EXERCISE AIM: Transcribe the data as written, minus images.

COLLECTED MATERIAL:
########

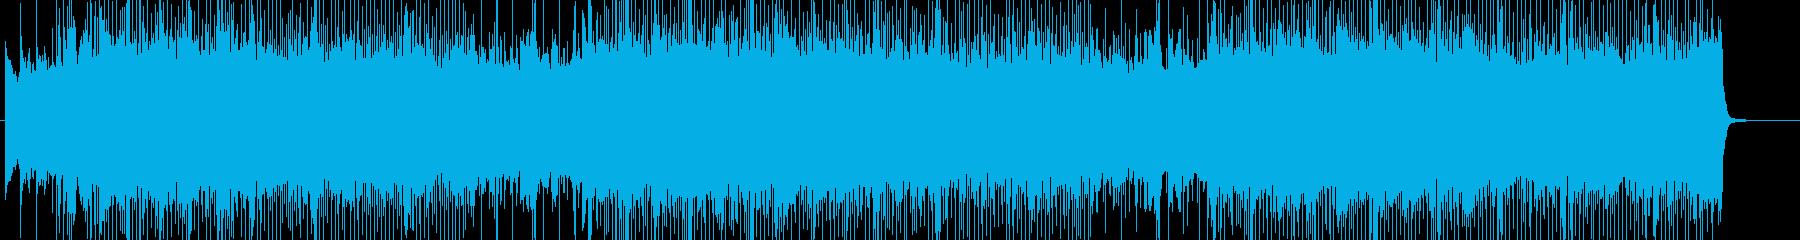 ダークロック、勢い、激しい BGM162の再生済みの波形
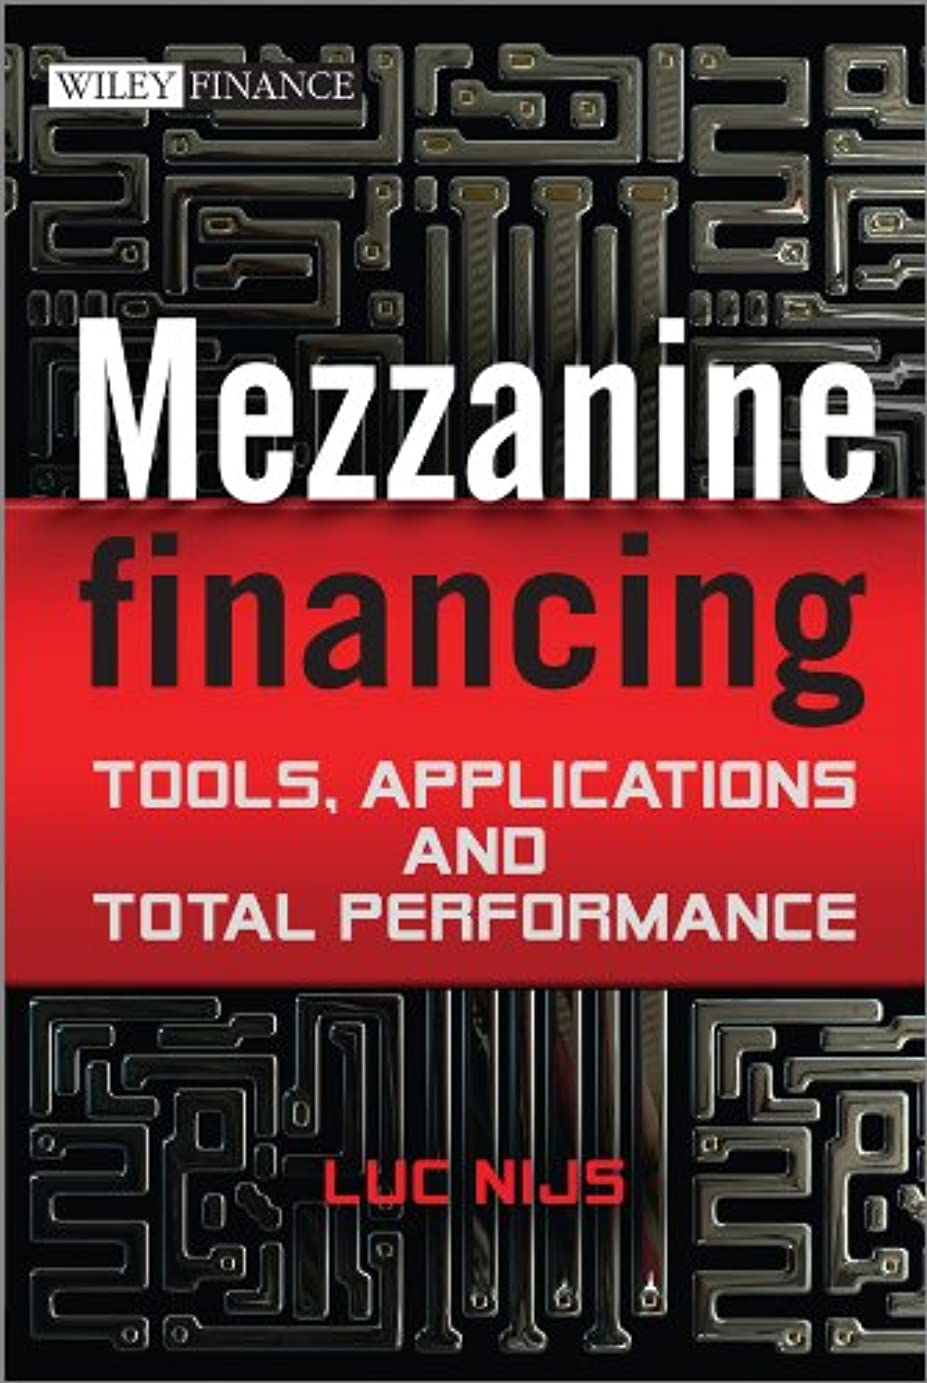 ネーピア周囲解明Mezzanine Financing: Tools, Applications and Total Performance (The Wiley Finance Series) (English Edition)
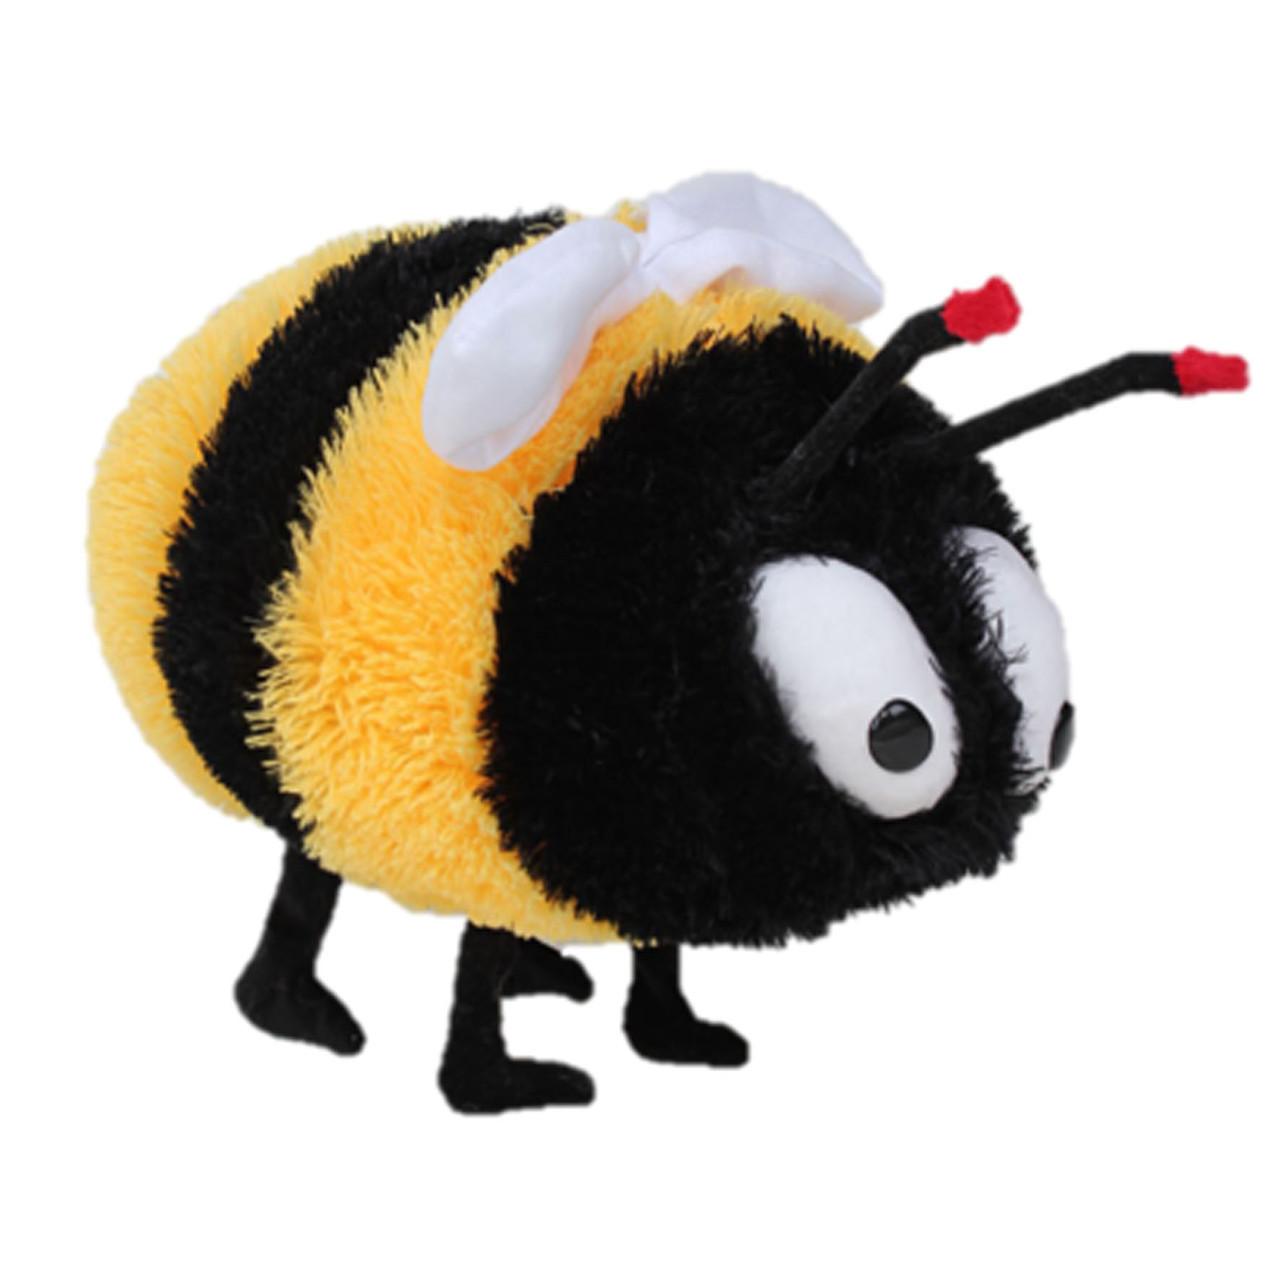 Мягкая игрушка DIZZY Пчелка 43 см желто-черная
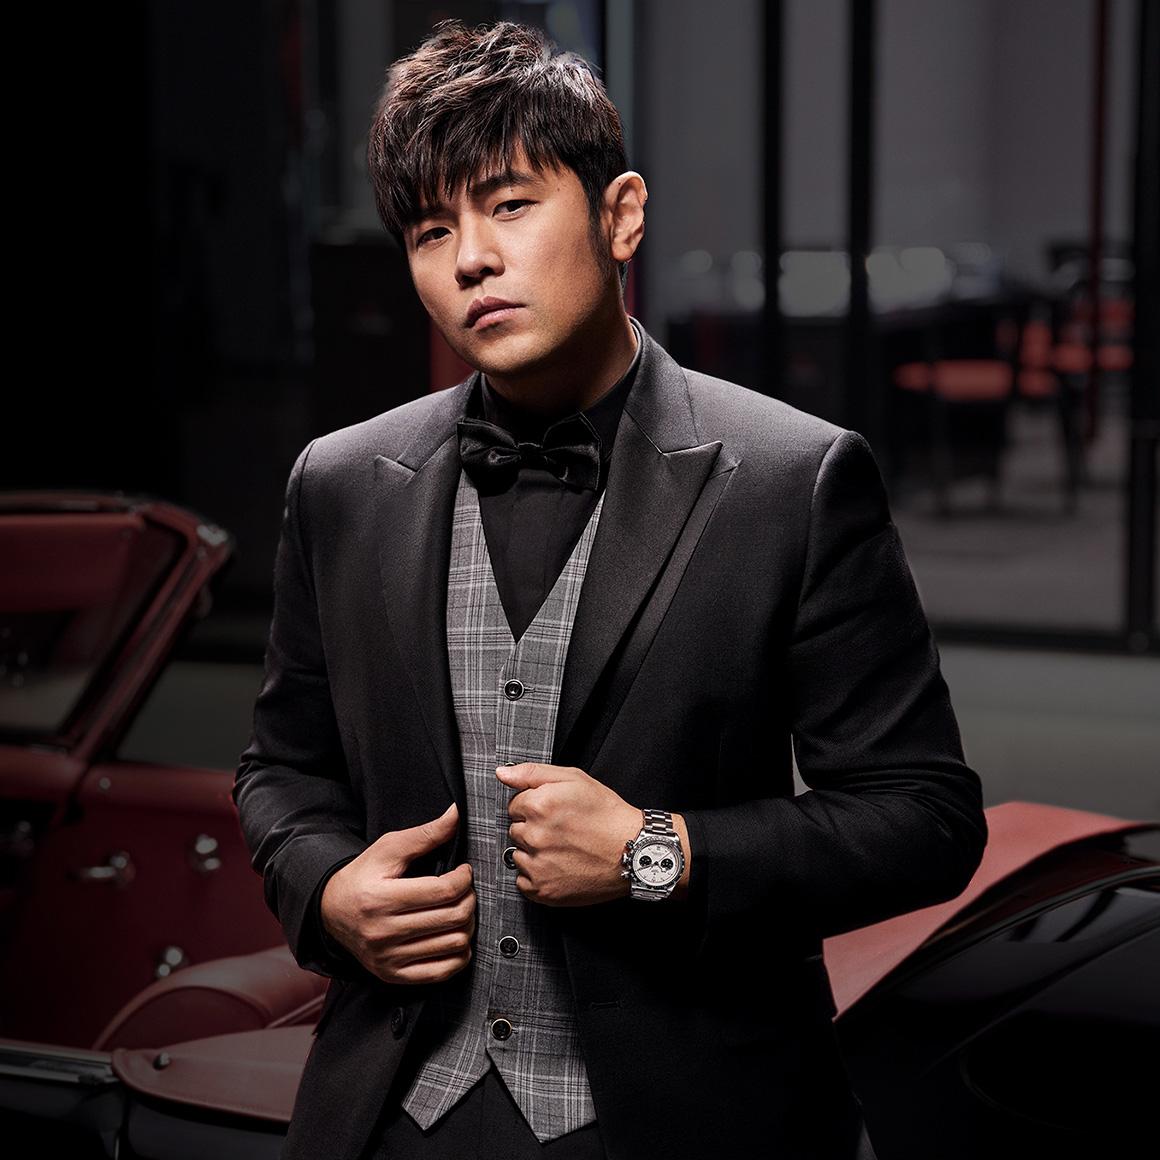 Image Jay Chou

########

SOLUTION FOR THIS EXERCISE:
 ダークロック、勢い、激しい BGM162の再生済みの波形
 ネーピア周囲解明Mezzanine Financing: Tools, Applications and Total Performance (The Wiley Finance Series) (English Edition)
 Мягкая игрушка DIZZY Пчелка 43 см желто-черная
 Image Jay Chou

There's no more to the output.